NEW YORK — DirecTV CEO Mike White said he wishes the company’s bid to buy Hulu had succeeded, but he’s open to other deals.
“It was a unique opportunity,” he said at NYC Television Week here. Unfortunately, there aren’t many broad-based, general- distribution, over-the-top companies for sale, he said. “But I look at a lot of things.”
“We thought [Hulu] was a unique opportunity to serve millennials and we thought we could do something with it,” he told Multichannel News editor in chief Mark Robichaux. “We knew there were some things that need to be fixed. We had a plan.”
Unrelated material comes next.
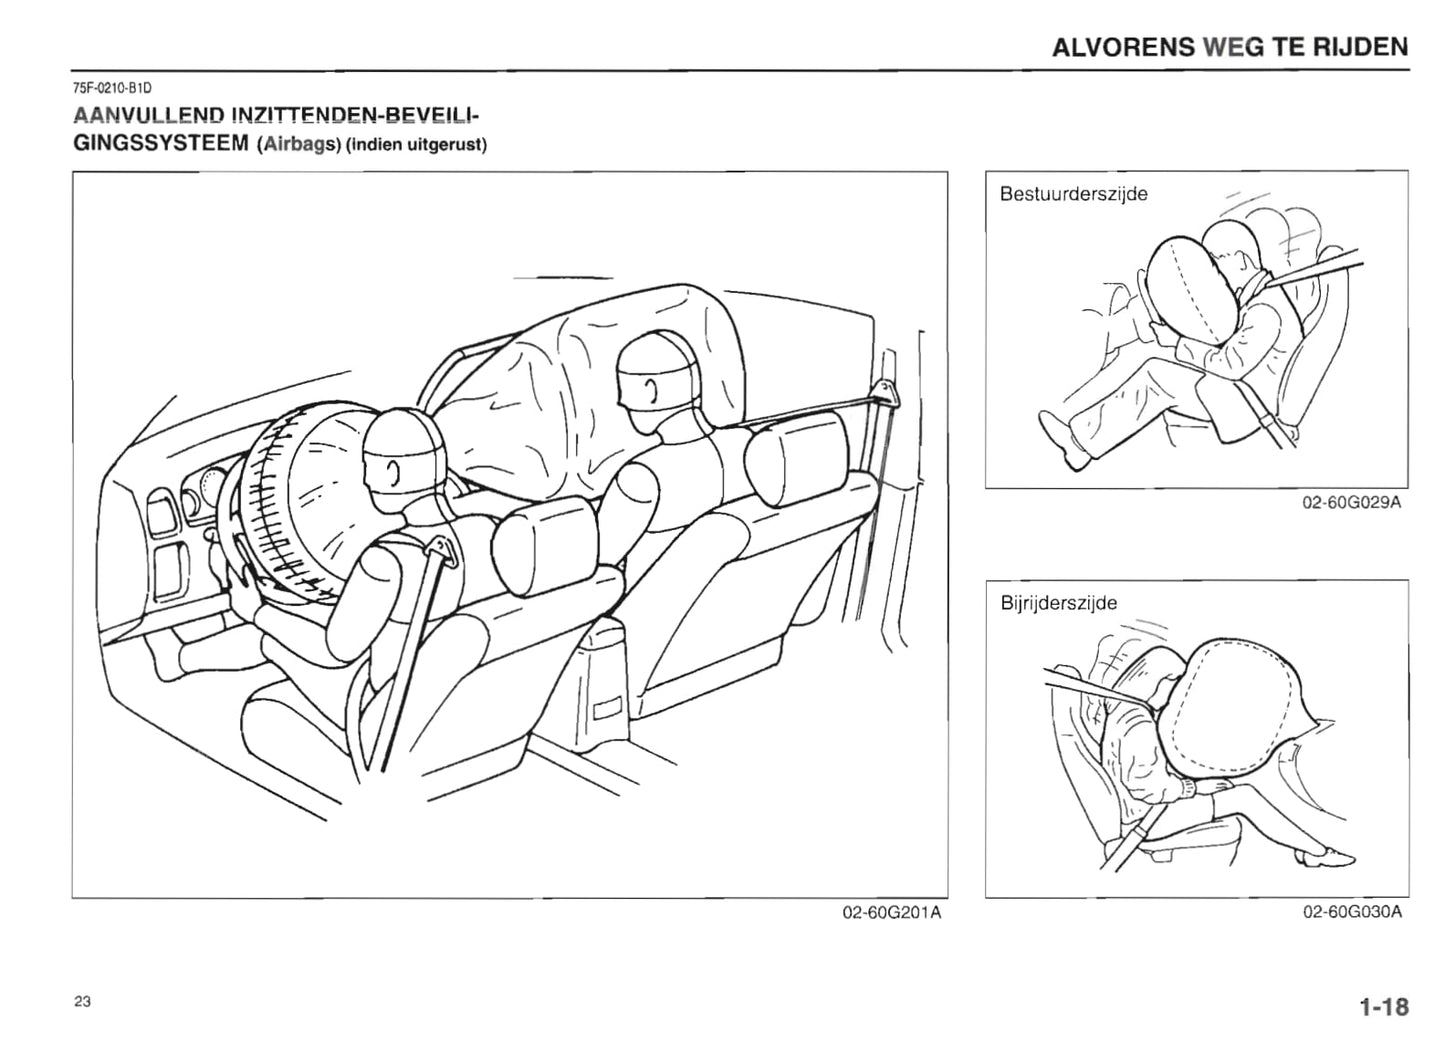 1997-2000 Suzuki Wagon R+ Owner's Manual | Dutch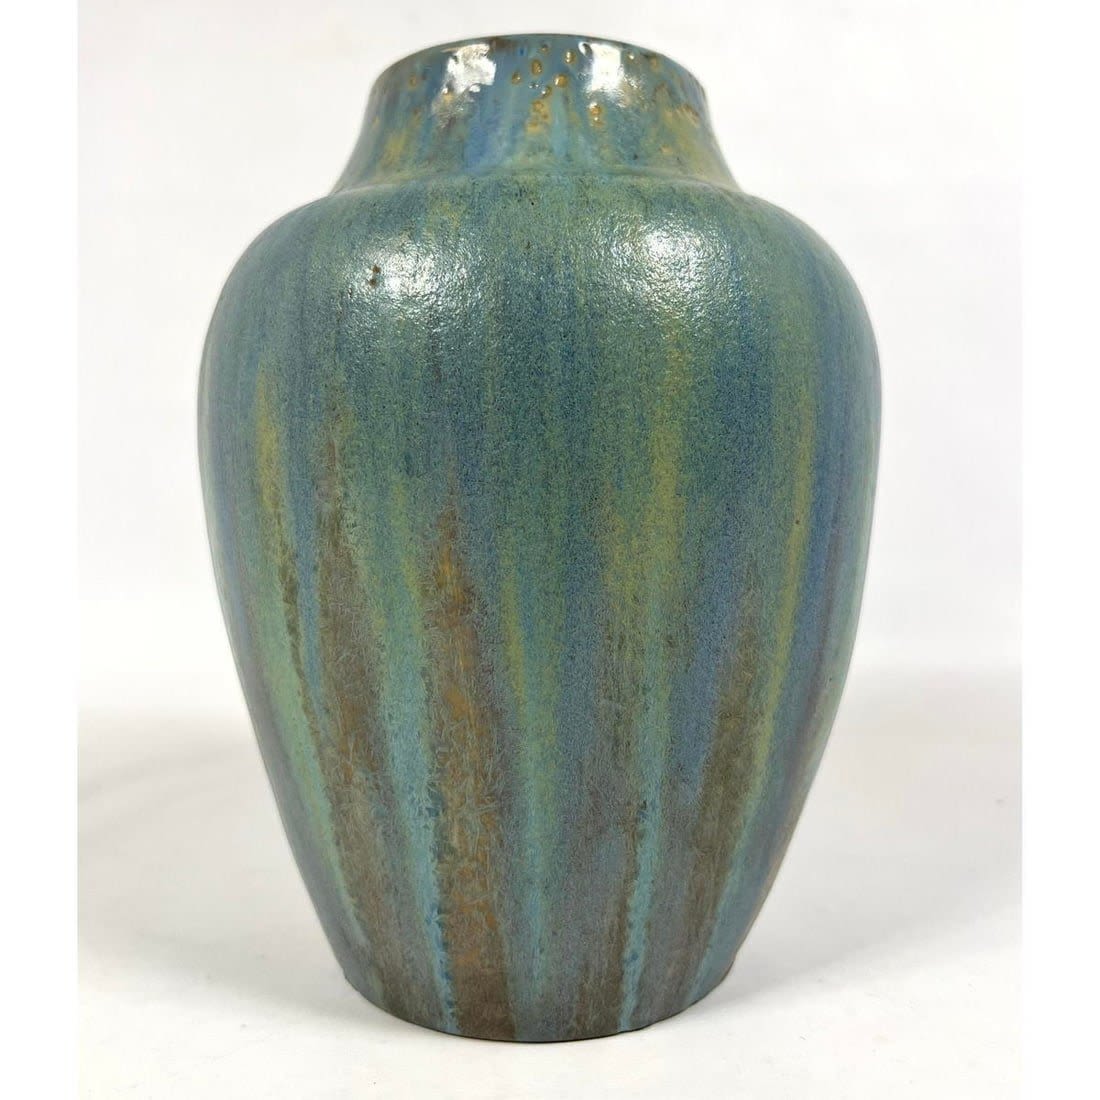 Pierrefonds Pottery vase with crystalline

Hulu’s owners, The Walt Disney Co., Twenty-First Century Fox and Comcast, opted to take it off the auction block last summer and instead bolster it with $750 million in new capital.
Meanwhile, White continues to fl y the flag for an urgent need to keep distribution costs in check. Retransmission costs rose 50% this year, he said. Programming costs are way up, led by sports, which is growing by double digits. The industry “can’t raise prices 8-to-10% a year forever. It’s not sustainable,” he said.
The answer isn’t selling programming on an a la carte basis. “But we need to create smaller bundles, or some greater flexibility for the consumers to have some say over the most expensive programming.”
He and other operators have been saying this for years. So how? “Only if distributors can somehow stand up and have the courage to call into question a couple of cases,” White said. “It’s not going to happen overnight. The consumer is not happy.”